The following piece is just some edited lecture notes from a few years back. But I’m posting here in case it is useful.
How do you build a convincing world in fiction, in poetry, or in non-fiction? How do you make a place come to life? How do you make your world habitable for your characters? How do you make it habitable for your readers?
There are two ways to think about this:
- Building worlds is like architecture
- Building worlds is like conjuring
As a writer, you need both. You need to be like an architect, and you need to be like a conjurer. However, different writers combine these two things in different ways. Some writers are more like full-time conjurers, but they still have a good grounding in architecture. Some writers are more like architects, but they dabble in conjuring. All writers sit somewhere on this spectrum.

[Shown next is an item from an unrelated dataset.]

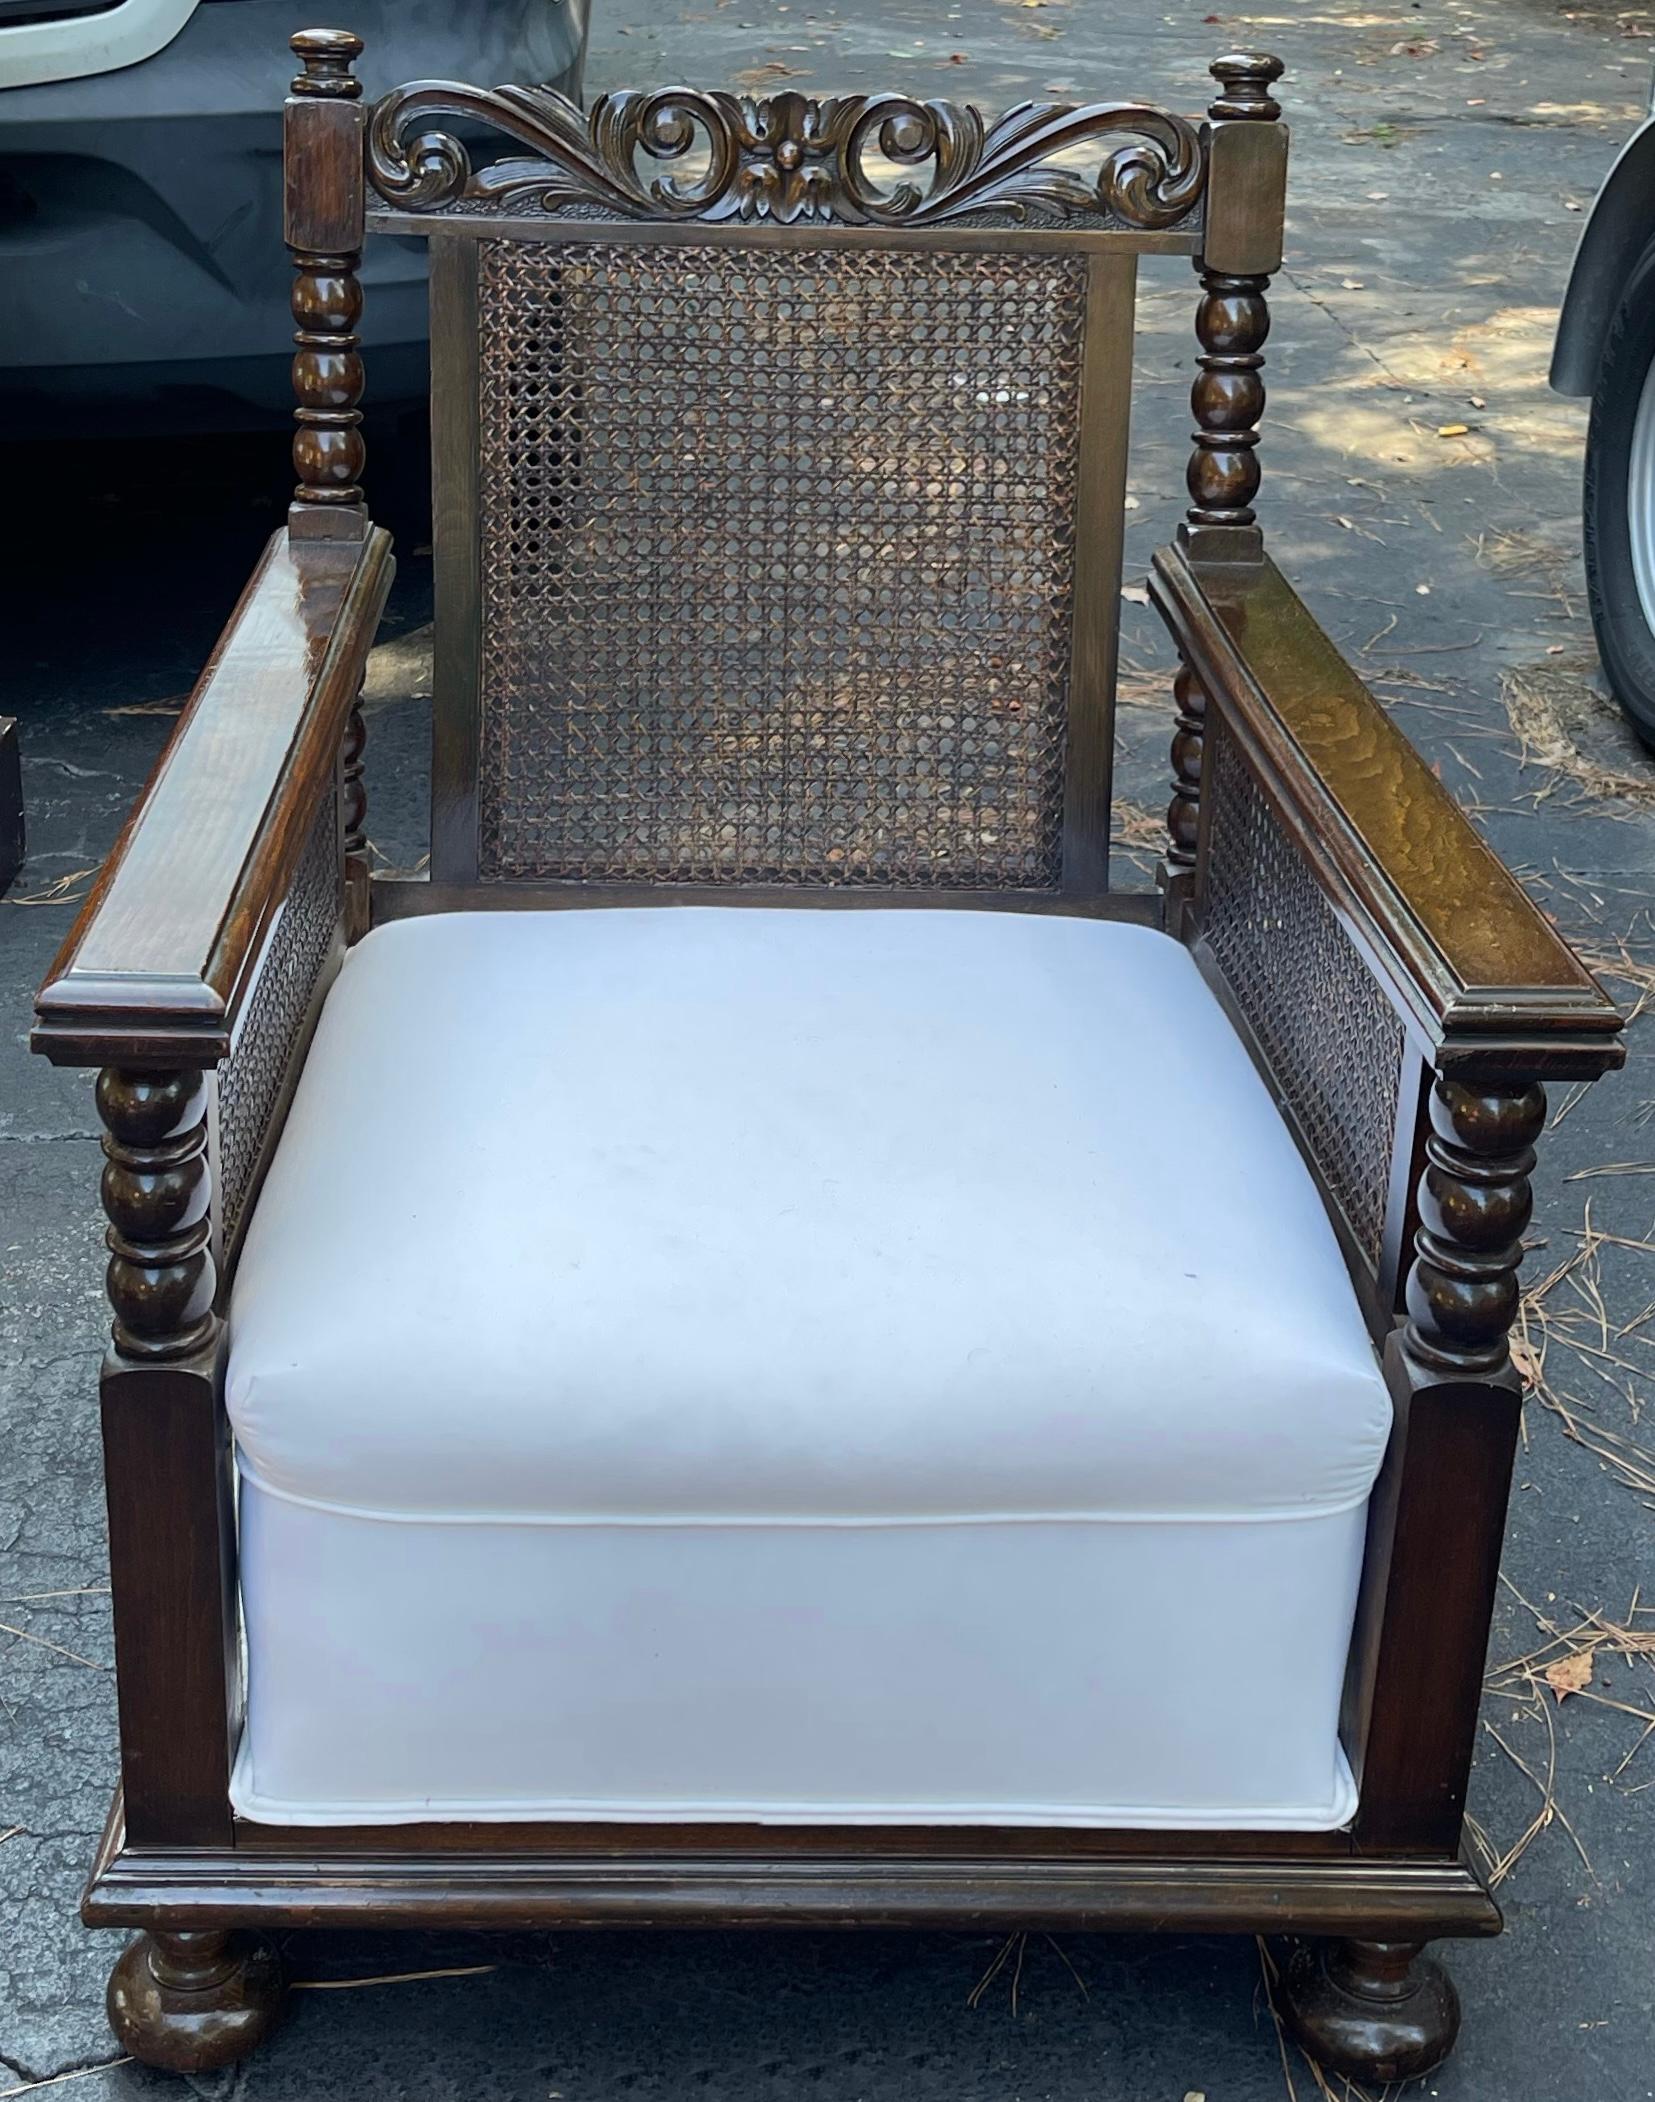 This is a pair of English British Colonial style carved oak and cane back club chairs. The white cotton upholstery is vintage but in good condition. The chairs include a loose back cushion and pillow. See the coordinating sofa. 

One can panel

How is writing like architecture?
Think of your writing as a building. There is something unsettling about entering a rickety building. You just don’t feel at ease. It is the same with writing. You don’t want to invite people into your story or your novel if it is half-built. If it is still a building site, the only people you should let in are people who have hard hats: your beta readers, your editor, or your agent.
On an actual building site, letting in the public too early causes problems. People fall down holes. Walls collapse. Inevitably, there are lawsuits. As a writer, the risks are not usually so severe. But it is still a risky business letting your readers explore your world before you are sure it is fully built. Readers don’t always behave. They poke things they shouldn’t poke. They ask awkward questions. They stumble over things you thought were properly nailed down. So you need to make sure that the world they are in is made safe and secure. You need to think like an architect.
Some of the best advice I know on this kind of architectural world-building comes from the Italian writer Umberto Eco, author of The Name of the Rose. Eco’s book is a historical thriller set in a fourteenth century Italian monastery. Eco is a meticulous architect, and his fictional monastery is wholly, horribly believable. When two monks, William of Baskerville and Adso of Melk, turn up at the monastery, a series of brutal murders unfolds. The murders seem to mirror the events of the Book of Revelation. And so, William, a champion of rational thinking, sets about investigating…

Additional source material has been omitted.